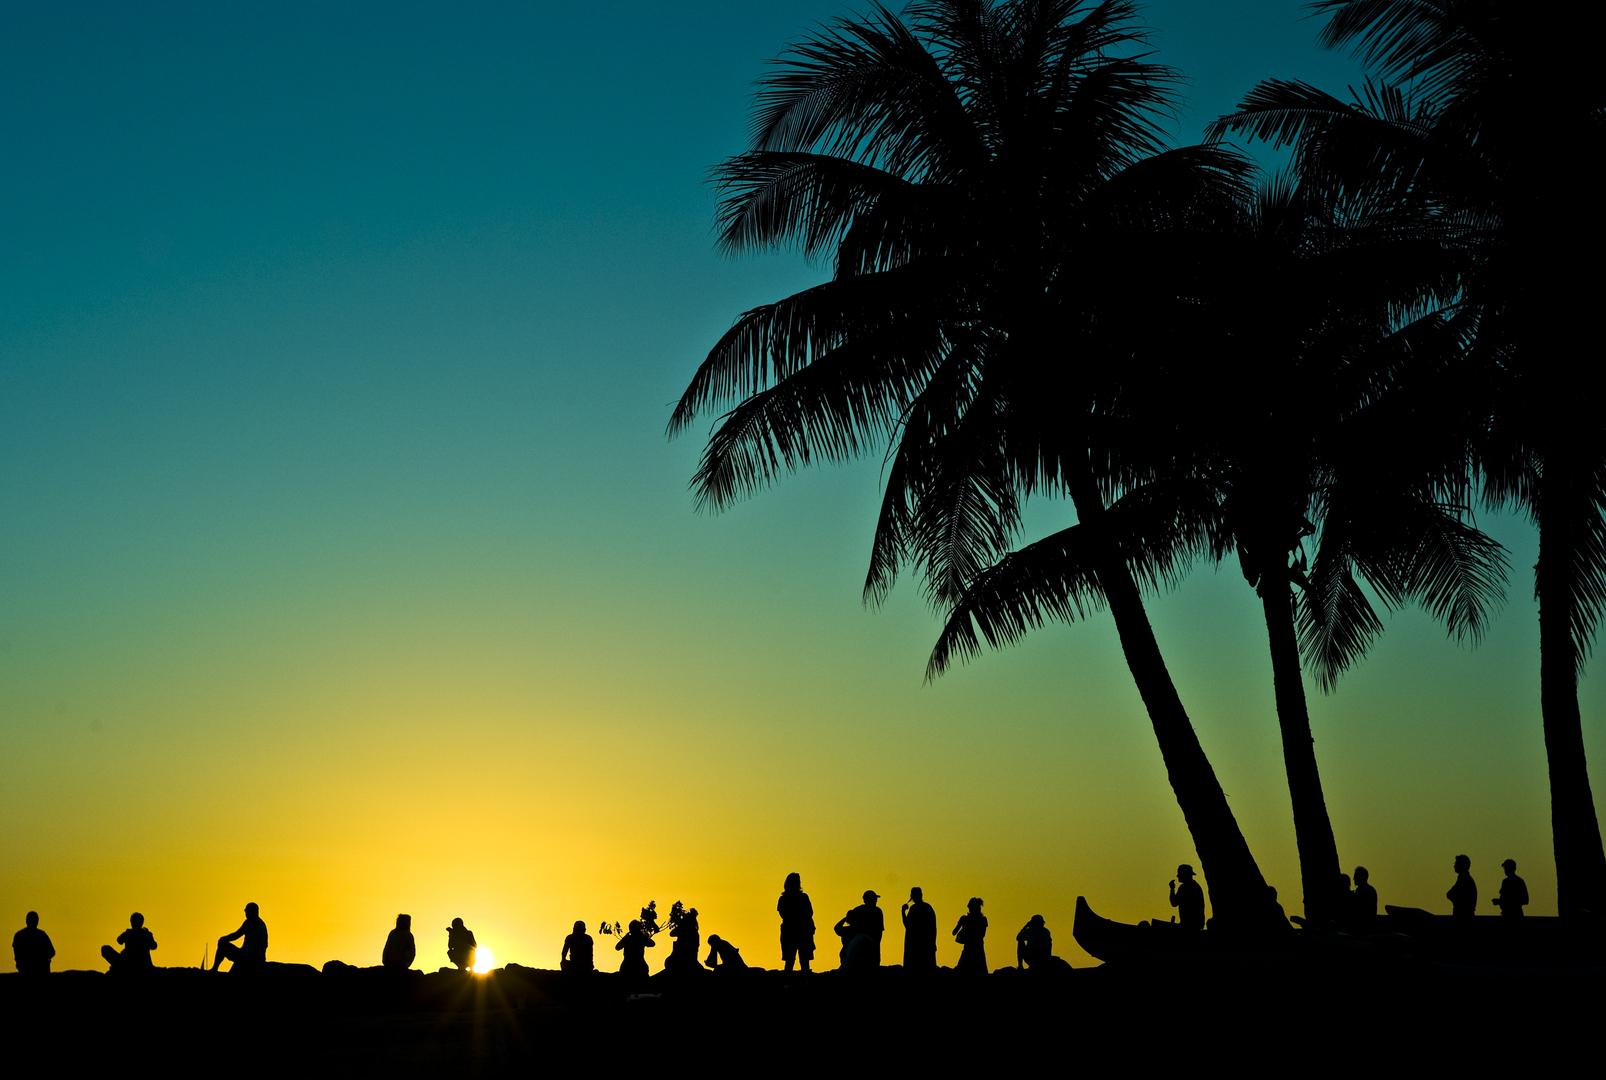 Hawaii, U.S.A. 2009
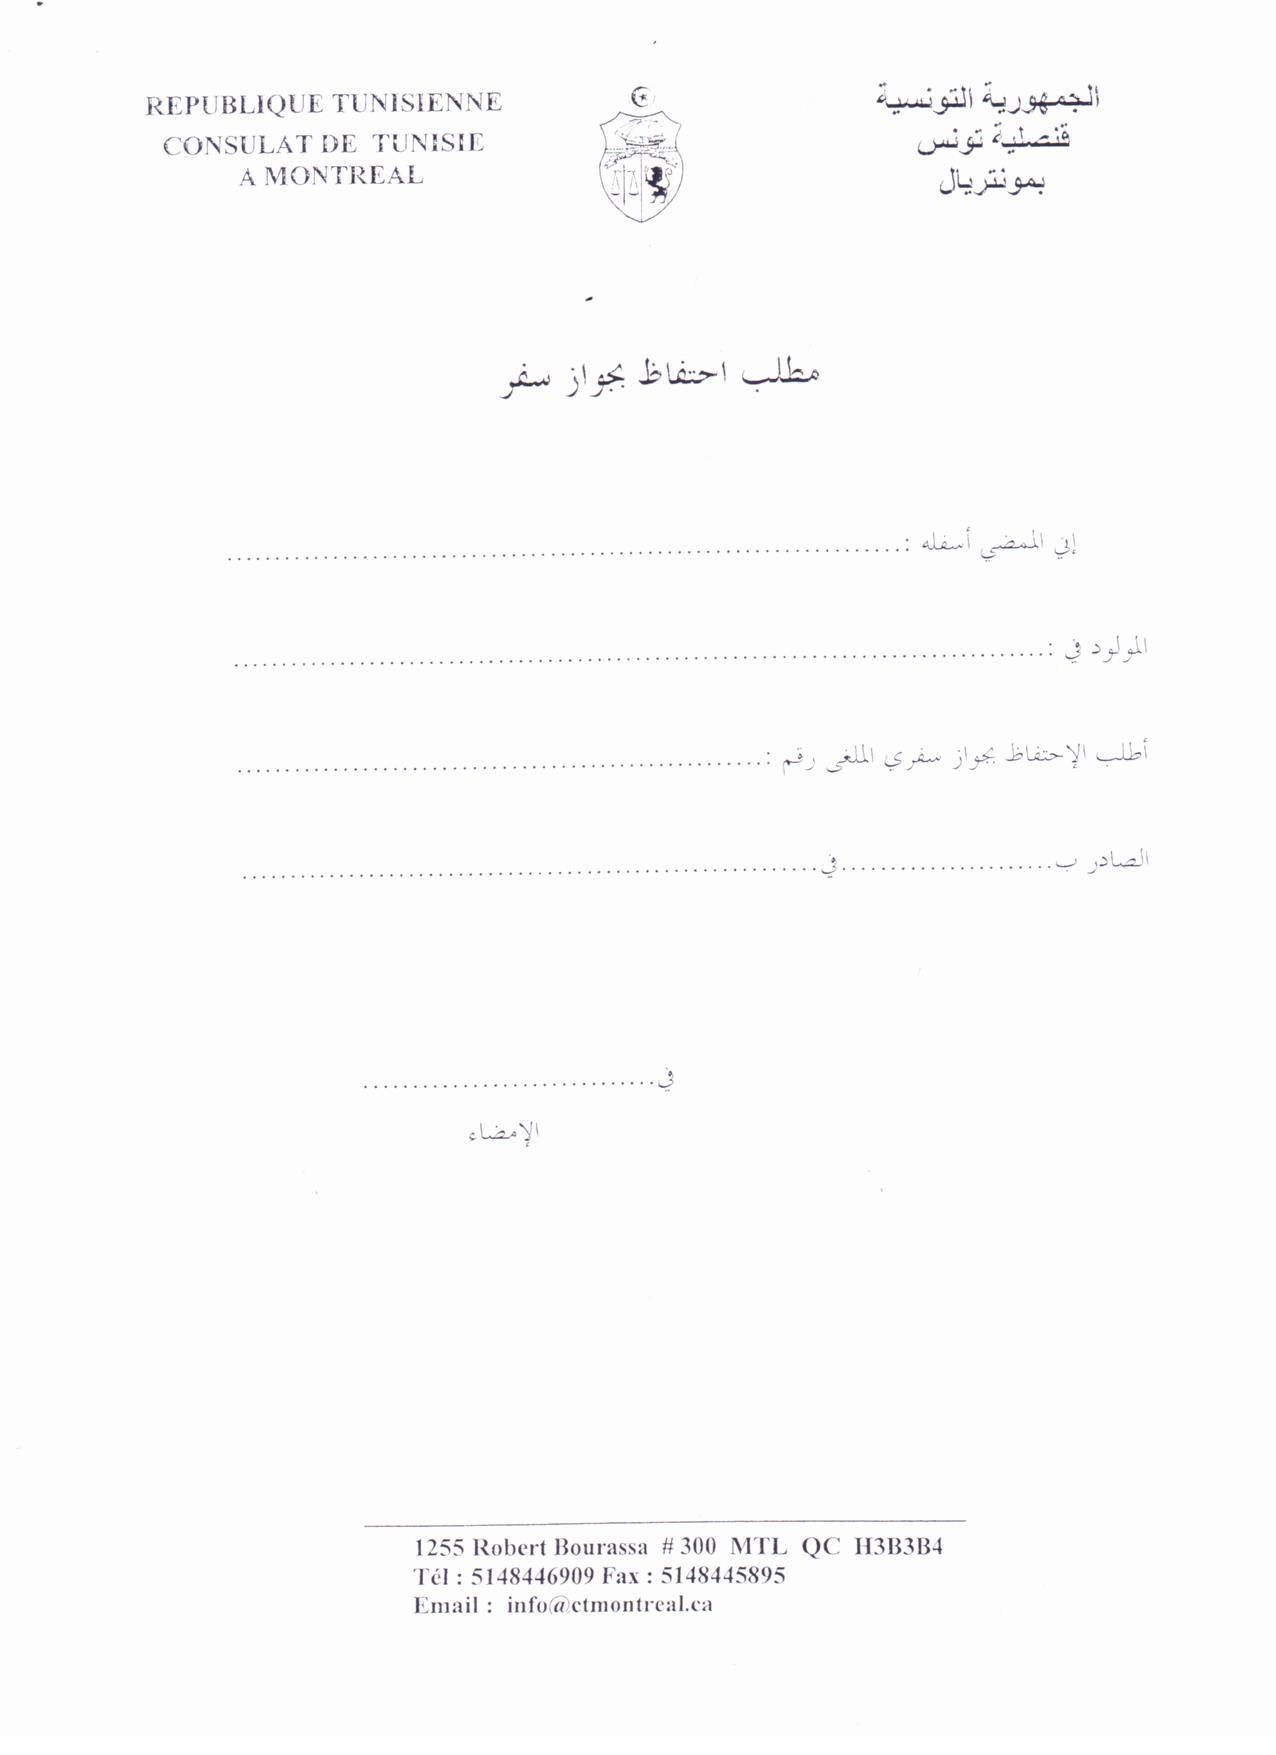 PROCURATION CONSULAT ALGERIE
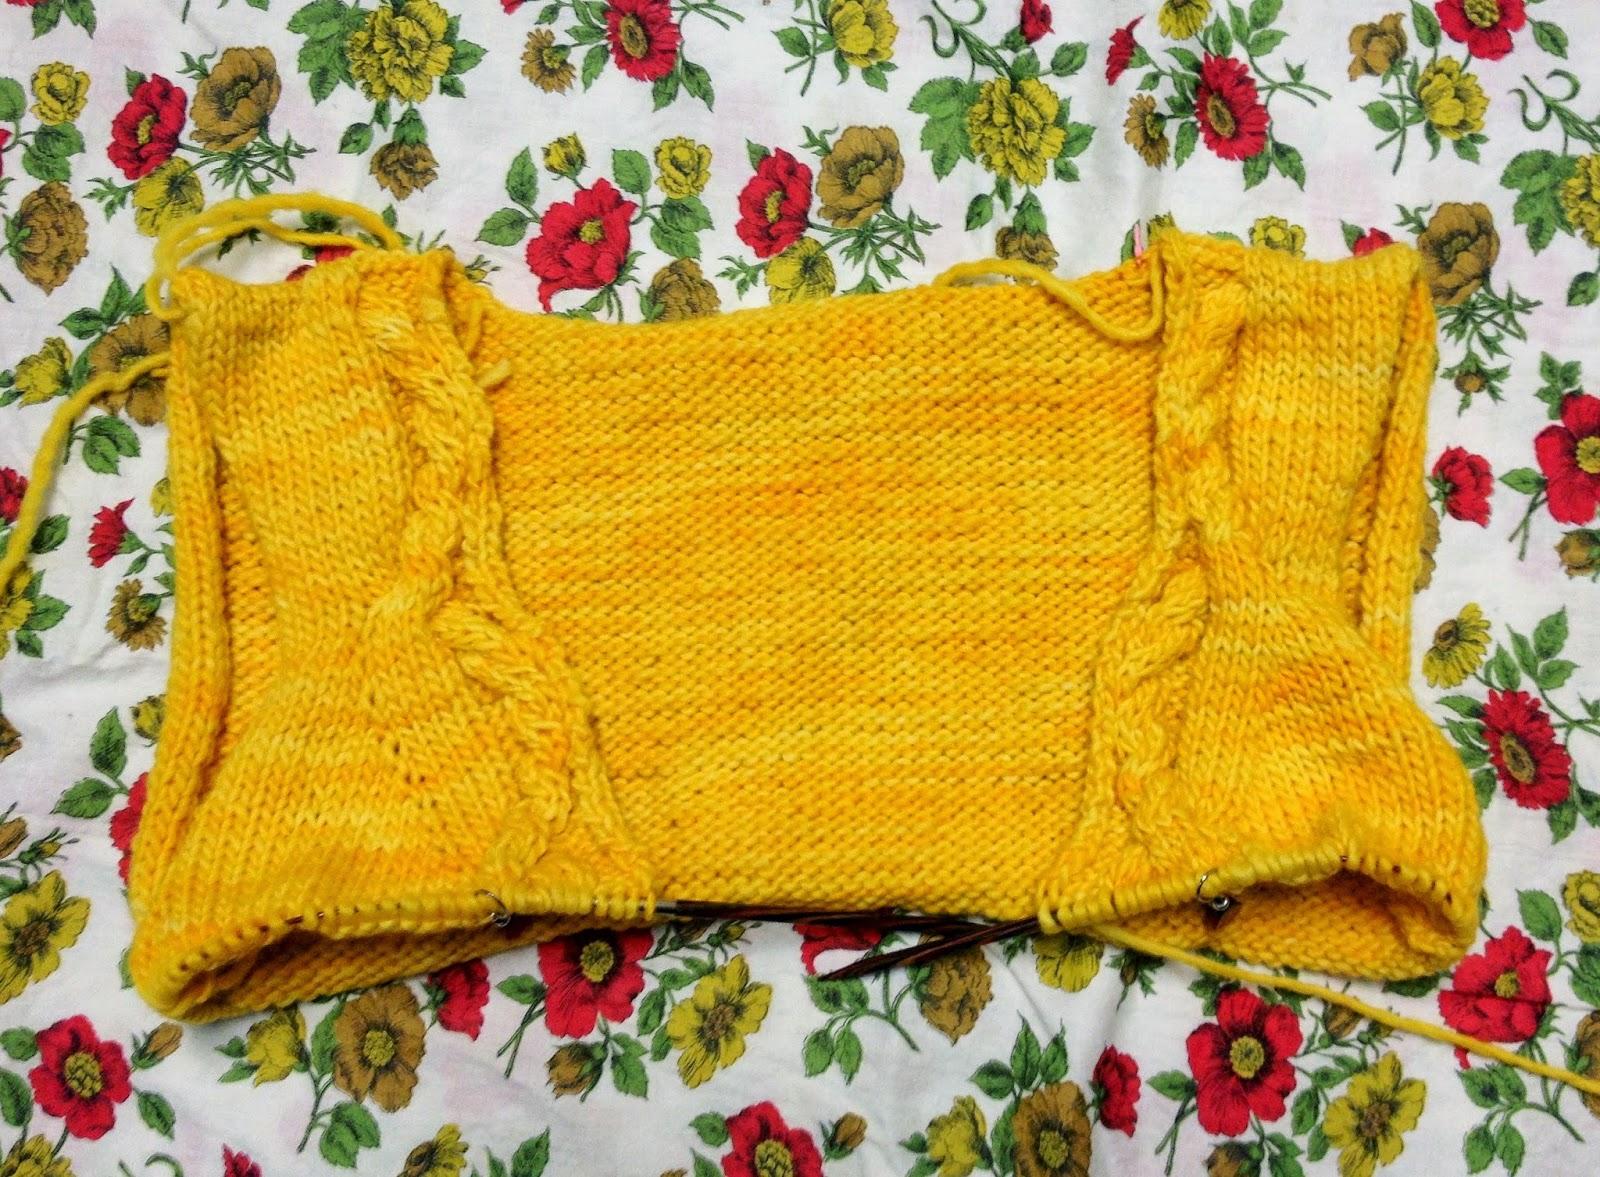 Vintage knitting Marion Cardigan

######

- **Exercise brief**
Your reply should be the full data above, copied exactly, with no pictures in it.

- **Answer to the problem**
 Hawaii, U.S.A. 2009
 PROCURATION CONSULAT ALGERIE
 Vintage knitting Marion Cardigan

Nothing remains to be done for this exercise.